At the moment, there’s not a great deal of change, given that the metaverse space is still in development.

However, preparing for the future and having a team ready to jump into the metaverse as soon as they can is certainly a good idea for advertisers, and it’s been proven time and again that brands who engage with new platforms first and start experimenting with content usually end up being rewarded for it.

For example, Meta has set aside $150 million to train the next generation of creators to build immersive learning content, and they are also creating a professional curriculum and certification process to make it easier to monetise.

The company is launching certifications and putting money into training resources, so it pays to make sure your team has the knowledge and skills to take advantage as soon as possible.

Brands already looking into both AR and Virtual Reality [VR] will be in a much better place to become involved in the Metaverse than those that haven’t started.
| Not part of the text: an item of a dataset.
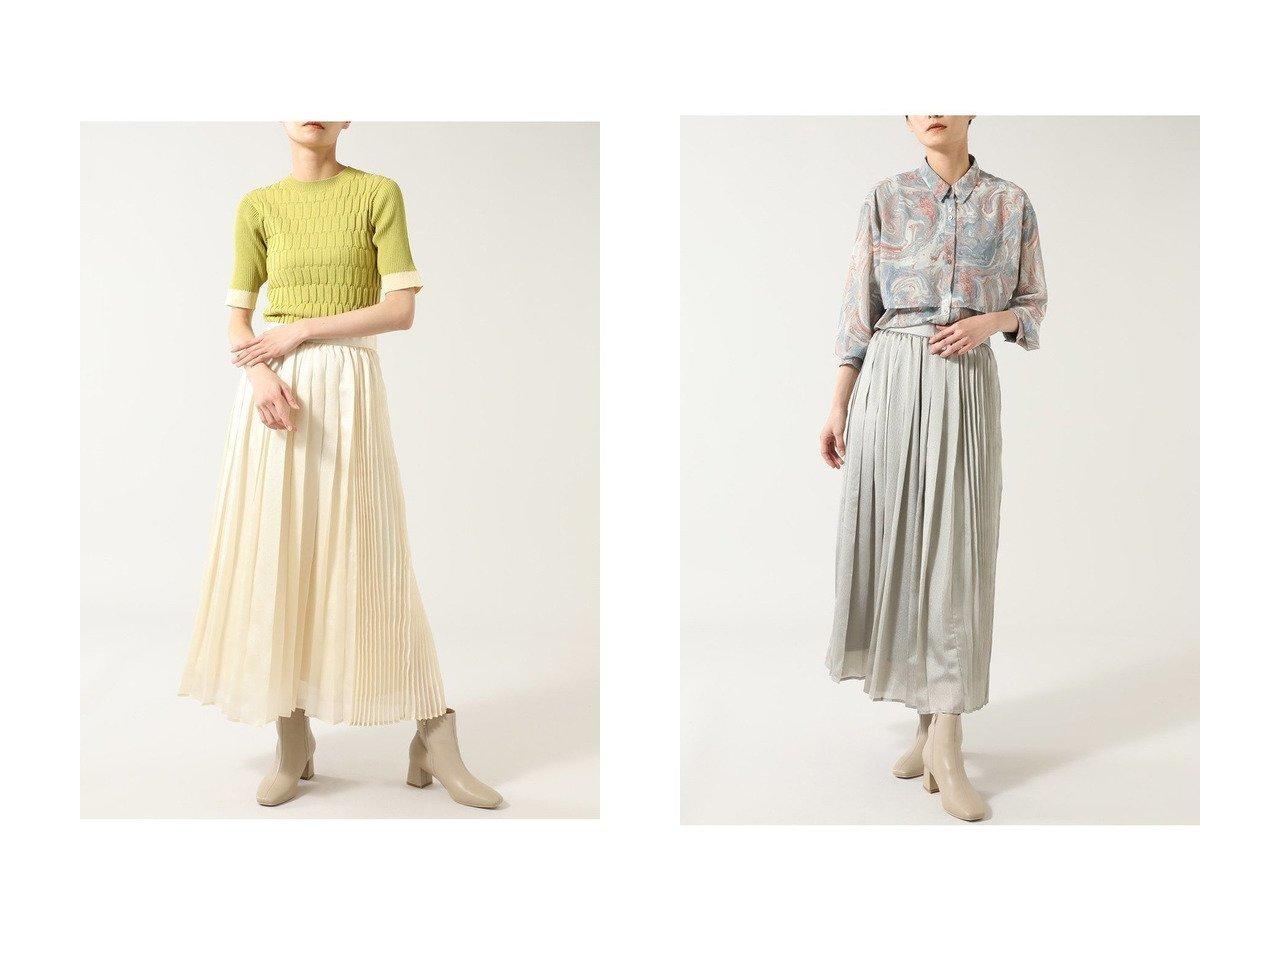 【ROSE BUD/ローズバッド】のアシメトリープリーツスカート 【スカート】おすすめ!人気、トレンド・レディースファッションの通販 おすすめで人気の流行・トレンド、ファッションの通販商品 メンズファッション・キッズファッション・インテリア・家具・レディースファッション・服の通販 founy(ファニー) https://founy.com/ ファッション Fashion レディースファッション WOMEN スカート Skirt プリーツスカート Pleated Skirts ロングスカート Long Skirt 2021年 2021 2021春夏・S/S SS/Spring/Summer/2021 S/S・春夏 SS・Spring/Summer プリーツ ロング 春 Spring |ID:crp329100000028438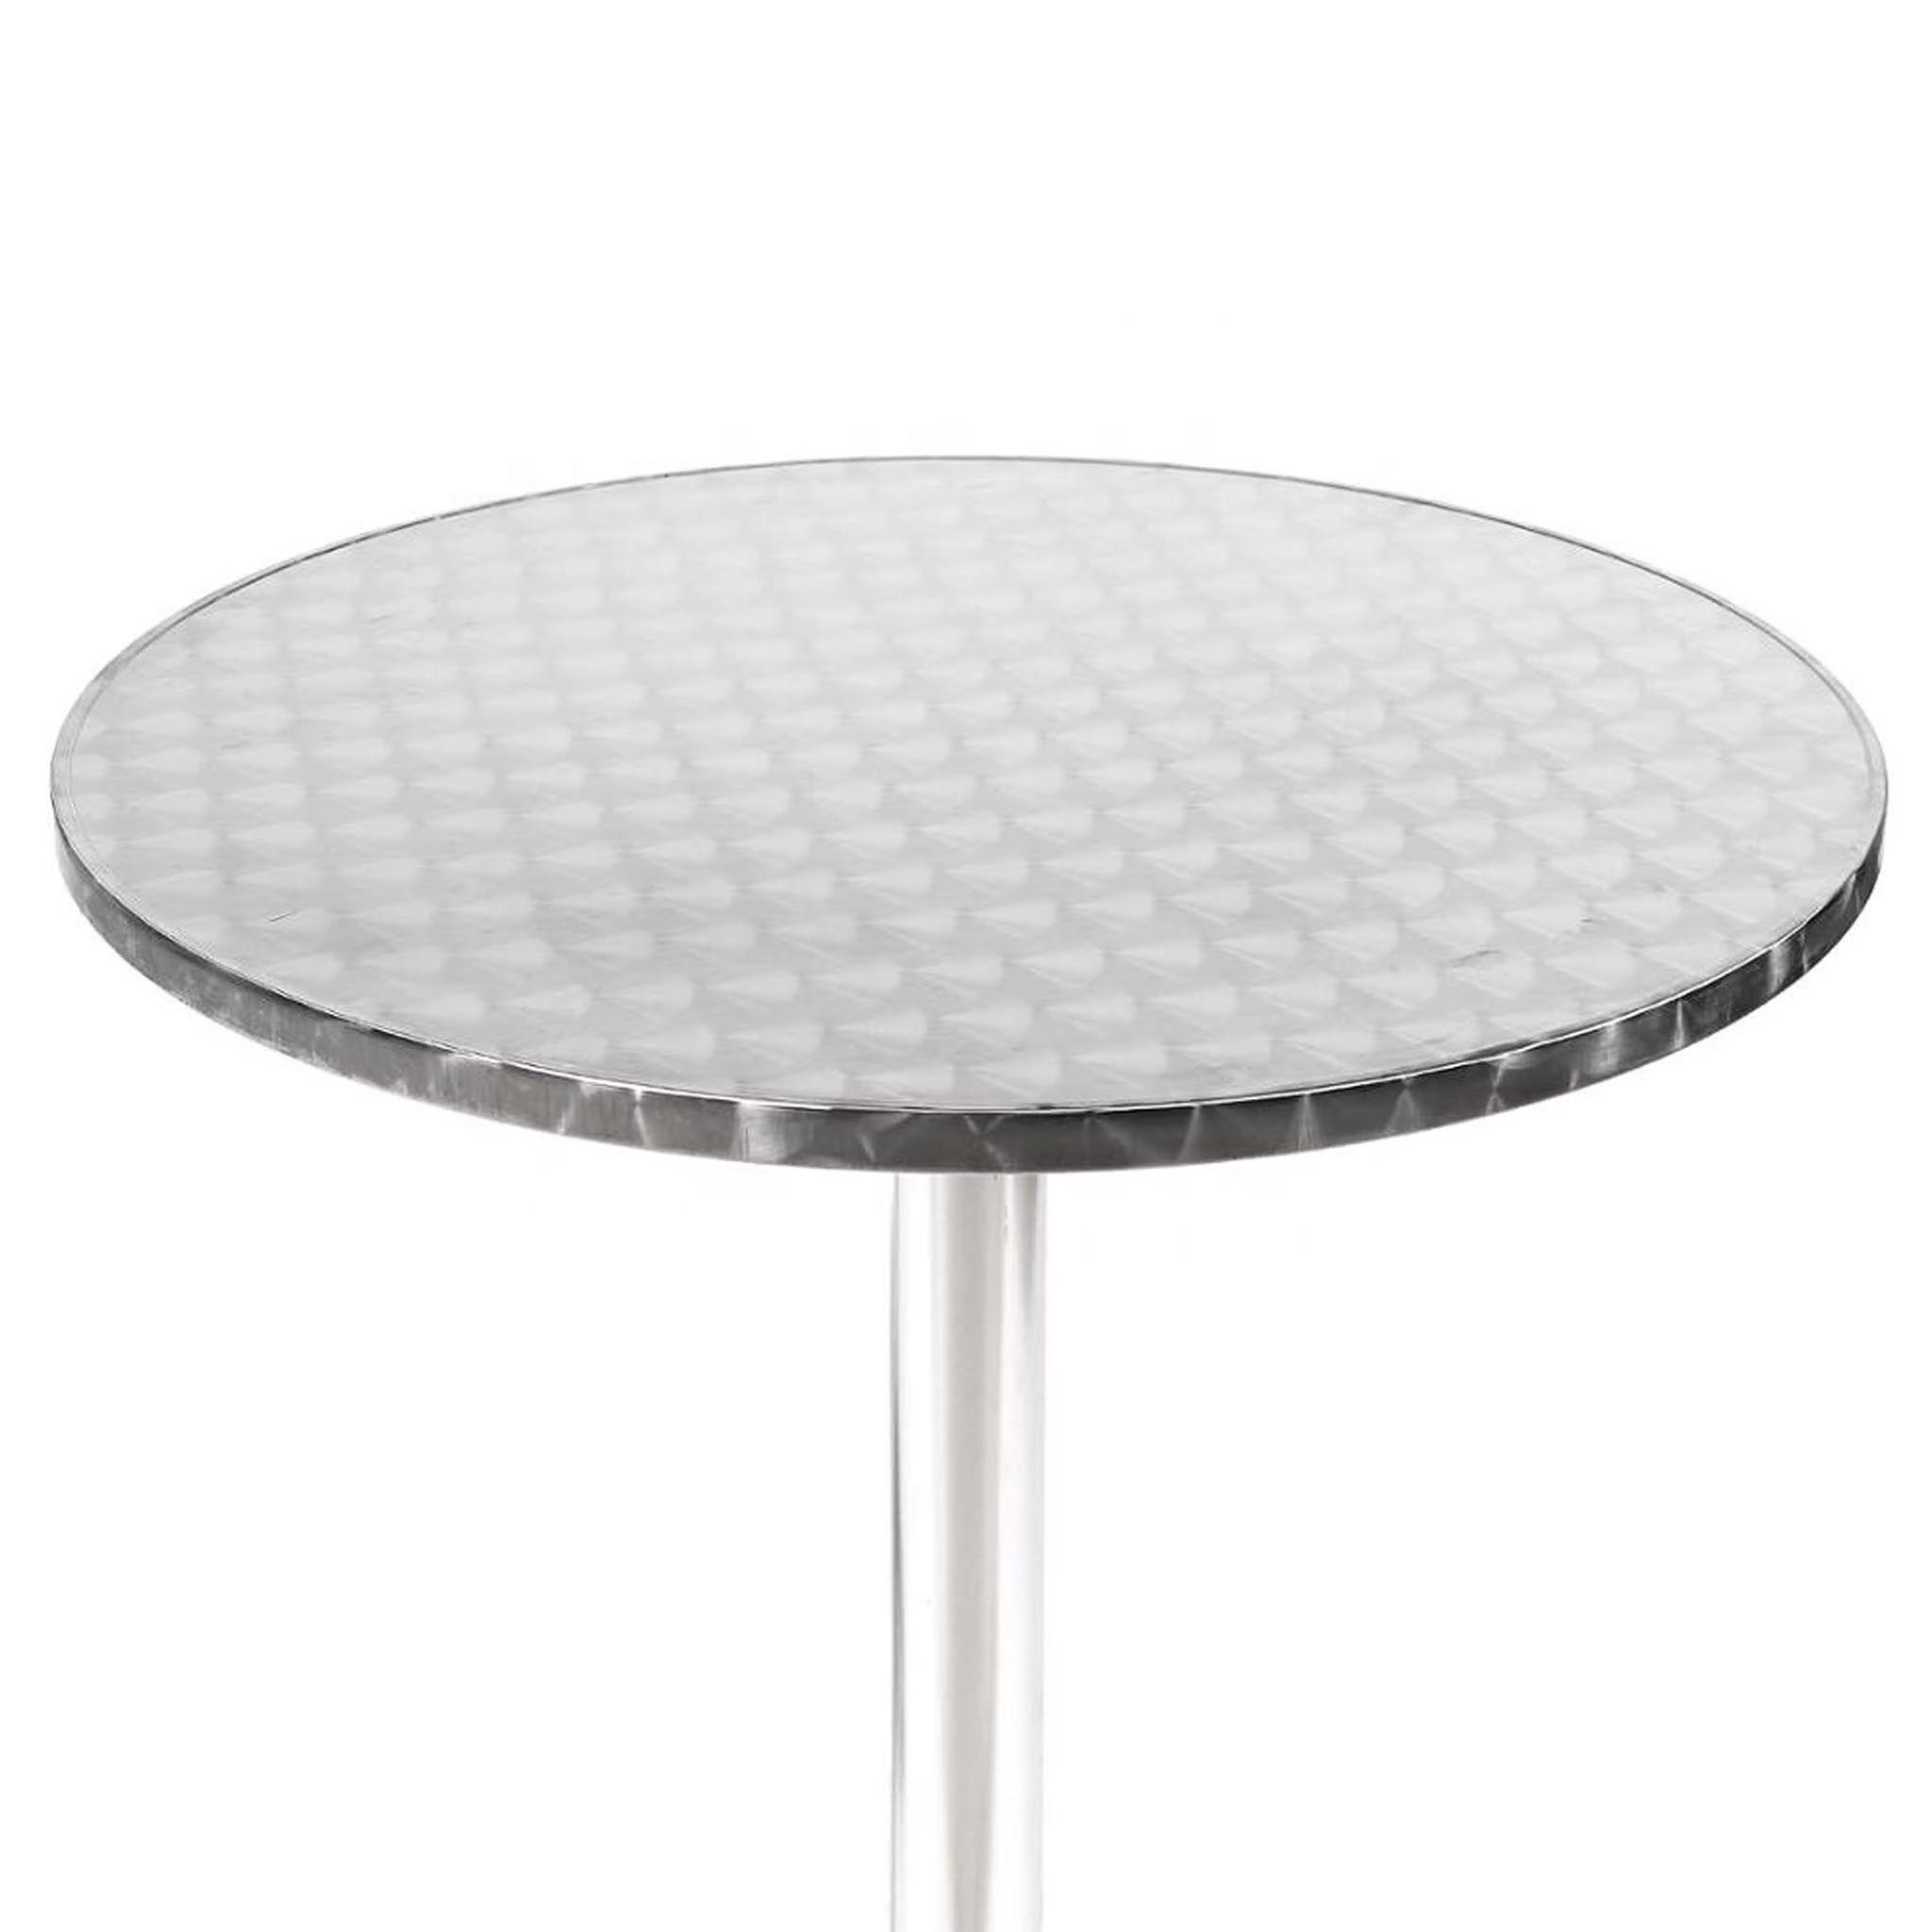 Milani Home tavolo rotondo a colonna acciaio e alluminio waterproof ø 60

Meta is removing options for targeted ads based on sensitive information

In one of its first major moves since rebranding as Meta, the company plans to remove options to target audiences based on how people reference causes, organisations or public figures.

Meta said it will no longer let advertisers buy targeted ads for users based on sensitive information such as race, political affiliation, sexual orientation, religion, or health.

The changes will come into effect on January 19th 2022, and will be rolled out across all the company’s platforms – Facebook, Instagram, Messenger, and WhatsApp – as well as its network of other websites and apps that use Facebook’s ad-targeting tools.

Graham Mudd, Meta’s vice president of product marketing and ads, wrote in a blog that the company wants to ‘better match people’s evolving expectations of how advertisers may reach them on our platform’, adding that the changes were based on feedback from policymakers, civil rights experts, and others to prevent advertisers from abusing the platform.

Mudd also went on iterate that ‘the interest targeting options we are removing are not based on people’s physical characteristics or personal attributes, but instead on things like people’s interactions with content on our platform’.


No-one knows for sure what Facebook’s rebranding to Meta will mean in the future, but the idea of an interconnected metaverse is one which advertisers and digital marketers need to take seriously.

One thing is certain: those who are prepared for a virtual world will be ahead of the competition, and will be able to seamlessly move into creating metaverse marketing campaign once more is known.